I’m sorry – finish where???

I was pondering (in my Brain-like way+) Chitty’s recent thesis on the Nice Guy. I certainly haven’t researched the matter as exhaustively as Señor BangBang has, but I can attest to the apparent validity of his claims. For those of you who couldn’t be arsed to follow the link++, here is a brief synopsis:

Nice guys have vaginas.

Not, I hasten to add, that there’s anything specifically wrong with that, but it sort of puts the brakes on any kind of hard and heavy heterosexual intimacy taking place.

Chitty contends that confidence is the key to getting the girl. While I don’t disagree with this viewpoint, I would, however, like to add a subtle semantic refinement to the mix. I believe it’s not so much confidence that makes many a lass sit up and take notice, as cockiness.

Implicit in this attitude is a promise of potential delivery, so for women who are experiencing similar feelings as, for example, The Granny Wrangler or Parenthesis, this makes an enormous, throbbing, back-arching difference.

+ taking over the world is just ONE of my many interests

++ you’re right, ‘zilla.

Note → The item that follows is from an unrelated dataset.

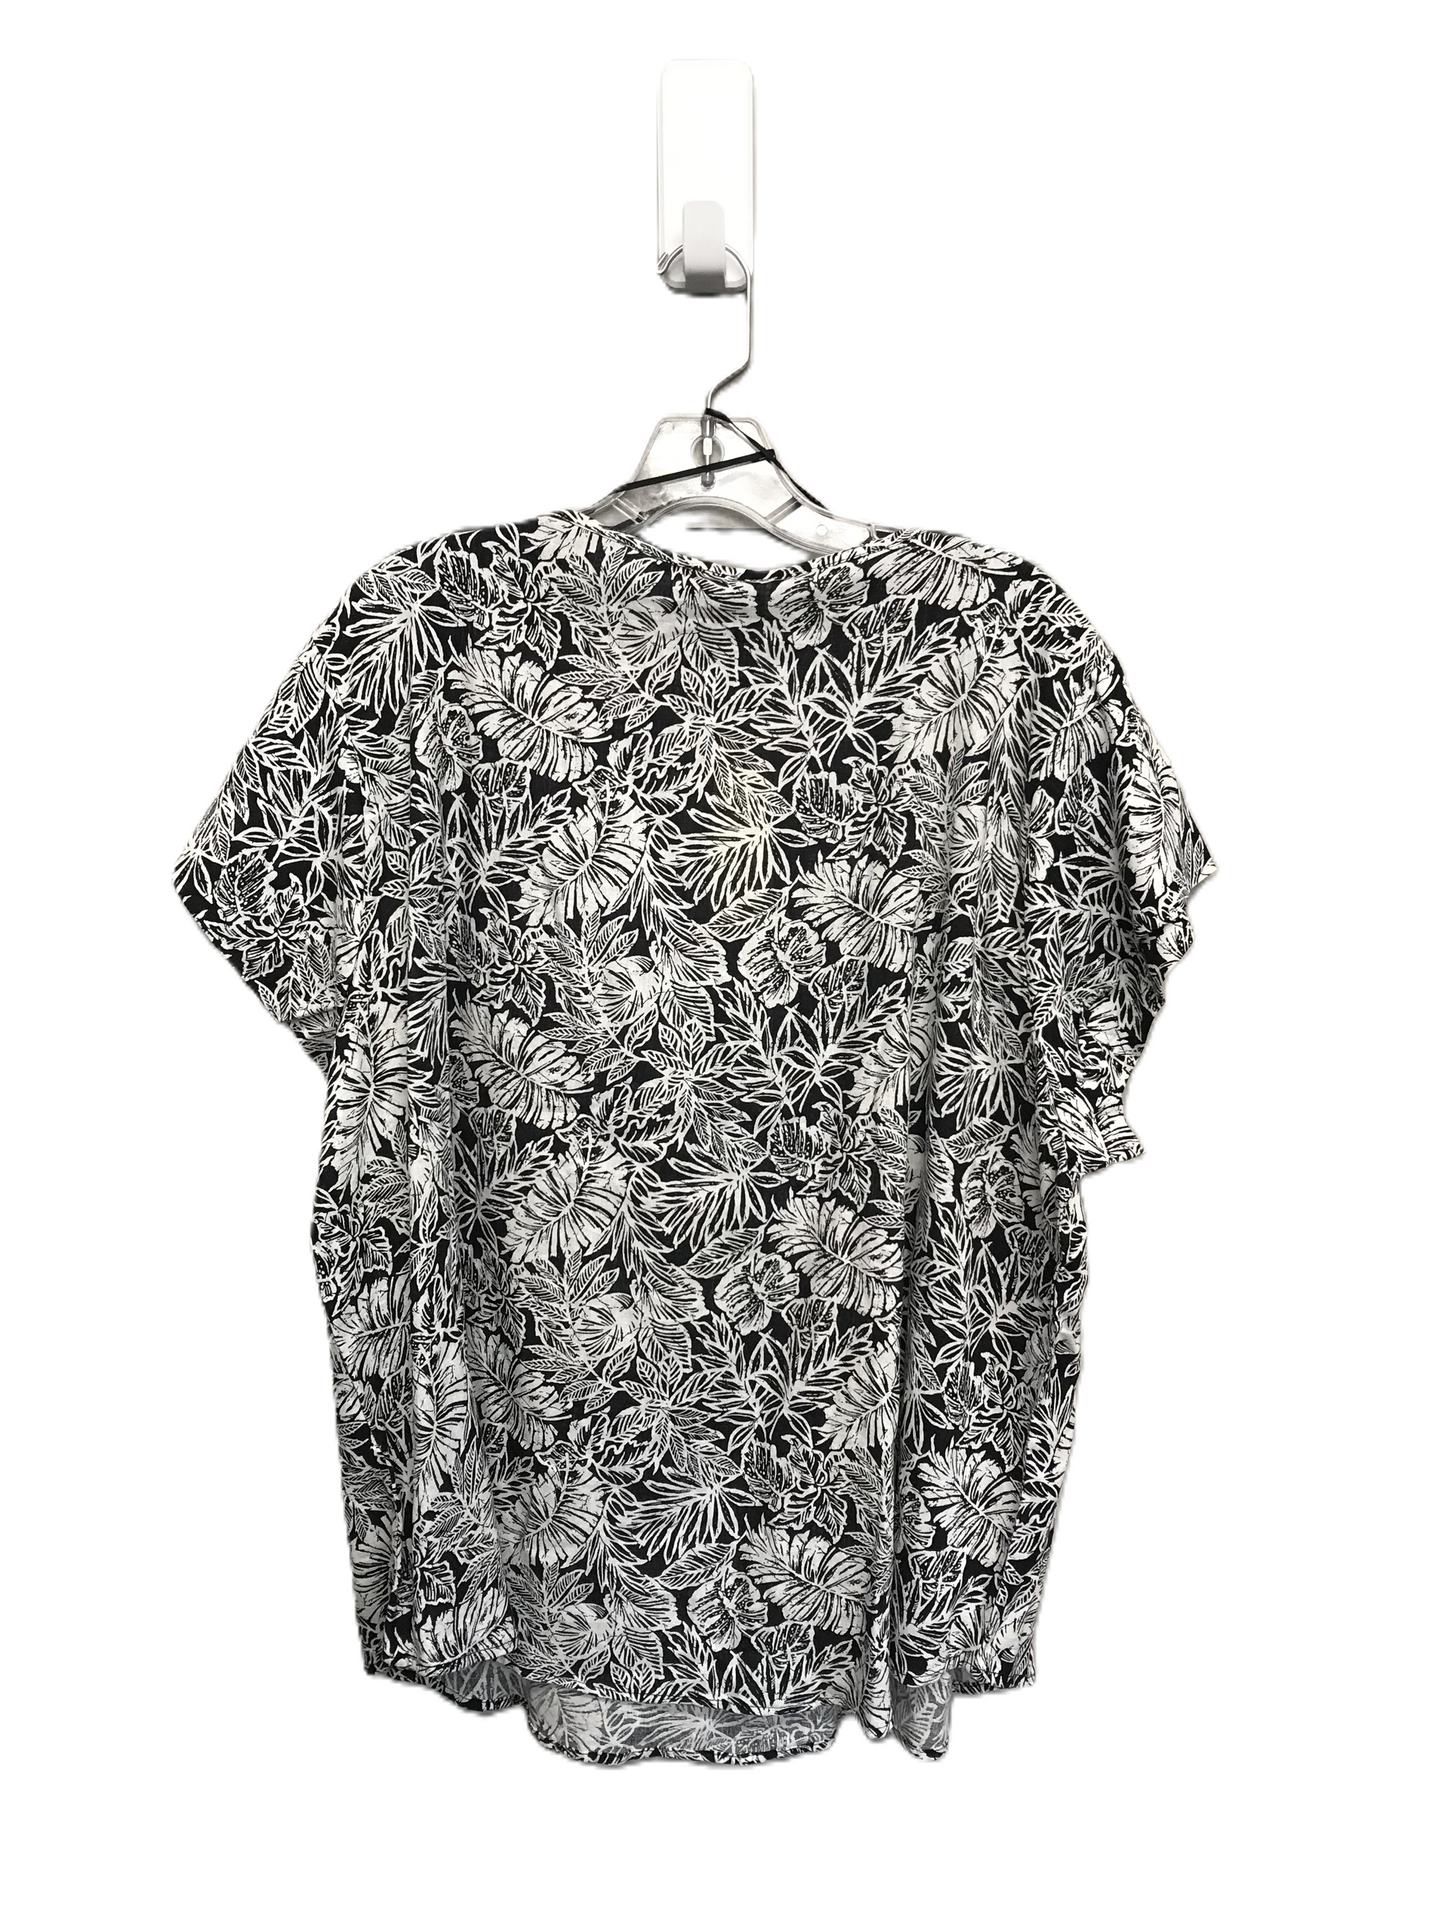 Black & White Top Short Sleeve By Jones New York, Size: 2x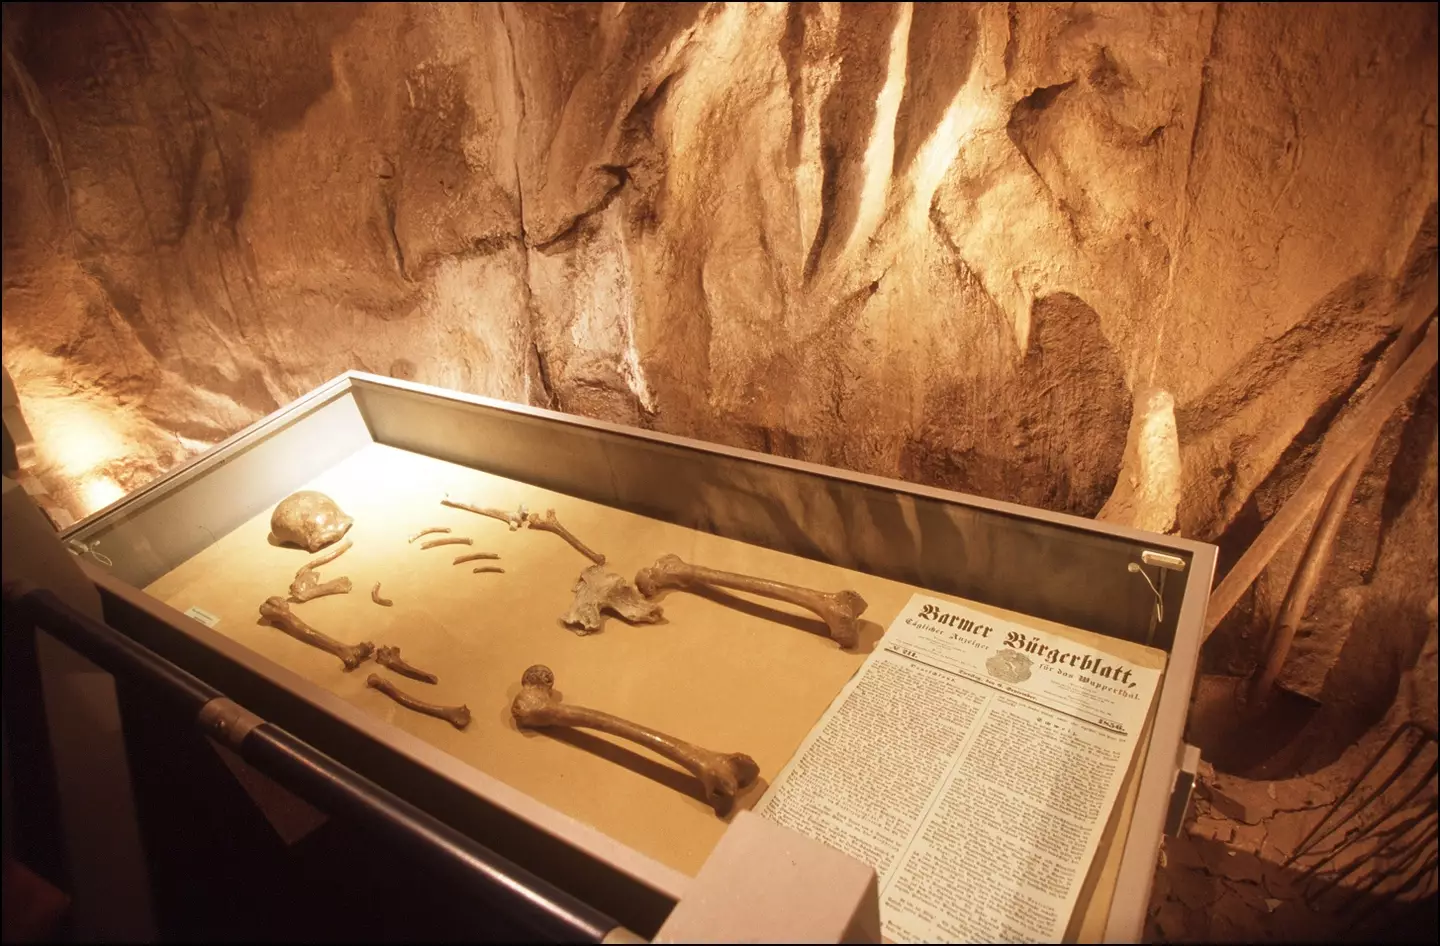 Neanderthal bones were analyzed for the study. (Patrick AVENTURIER/Gamma-Rapho via Getty Images)

It DOES feel good

Advertisements

32 thoughts on “I’m sorry – finish where???

  1. Kyk…I hate to admit it, but you’re right. It’s the cockiness that does it. And for some reason, even though I hate cocky guys, I end up falling for them. Every. Single. Time. It’s like a drug. The cockier they are, the more into them I am. What’s a girl to do? Embrace the cock(iness)! 😉

    Like

  2. Wow! It seems like there could be quite a market for the provision of shaggalicious relief to the female bloggers out there! If only my standards were as low as my rates.

    Like

  3. Nice guys are lovely. although nice guys can also be pretty cocky, when the mood strikes them. You can be confidently nice, you know. secure in your… gentlemanliness? (I’m biased i gues. I have a very very sweet “nice guy”).

    Kyk, you struck me as a very nice man. Your mom would be proud. I would feel safe introducing you to my ladyfriends, if they weren’t all a) taken and b) crazy.

    Like

  4. Yeah, and what makes a boy sit up and wolf-whistle is the quiet confidence that the girl’s going to be a mother of a pain in the ass.
    Sure.

    Like

  5. nicky: Like a drug? So you’re saying you’re an addick?

    salman: Integrity is the name of the game, or maybe I’m thinking of Fear Factor?

    betenoir: My mom is proud of me. She appreciates the fact that I always dispose of the bodies and do a bit of light dusting before she comes over for tea.

    anne: Ah yes, but the fundamental difference is that women have a tendency to be a little bit masochistic, while men have a tendency to be little bit thick.

    Like

  6. Ah, yes. The old Wolverine vs Spiderman debate.

    And yes, you’d be surprised how many of life’s ‘sticky’ situations can be understood by way of the comic book.

    But nice guys, remember this: Peter marries Mary Jane and Wolverine ends up alone and bitter……

    Like

  7. Dude. Wolverine des not win because he’s not a nice guy, but because he has a) better hair and b) has freakin’ adamantium claws that spring from his hands . Who would not want that?

    Like

  8. nicky: That sucks.

    tenmiles & betenoir: Wolverine vs Spiderman? I just knew you were going to go all philosophical on me.

    other-duke: Only in the case of a Plutonic relationship.

    Like

  9. I think I said it best on my blog: “A girl wants a friend and is willing to screw to have one. A guy wants a screw and is willing to be a friend to have one.” Whoever gets what they want without giving in wins. The loser just ends up either being used as a sex object or as a “special friend.”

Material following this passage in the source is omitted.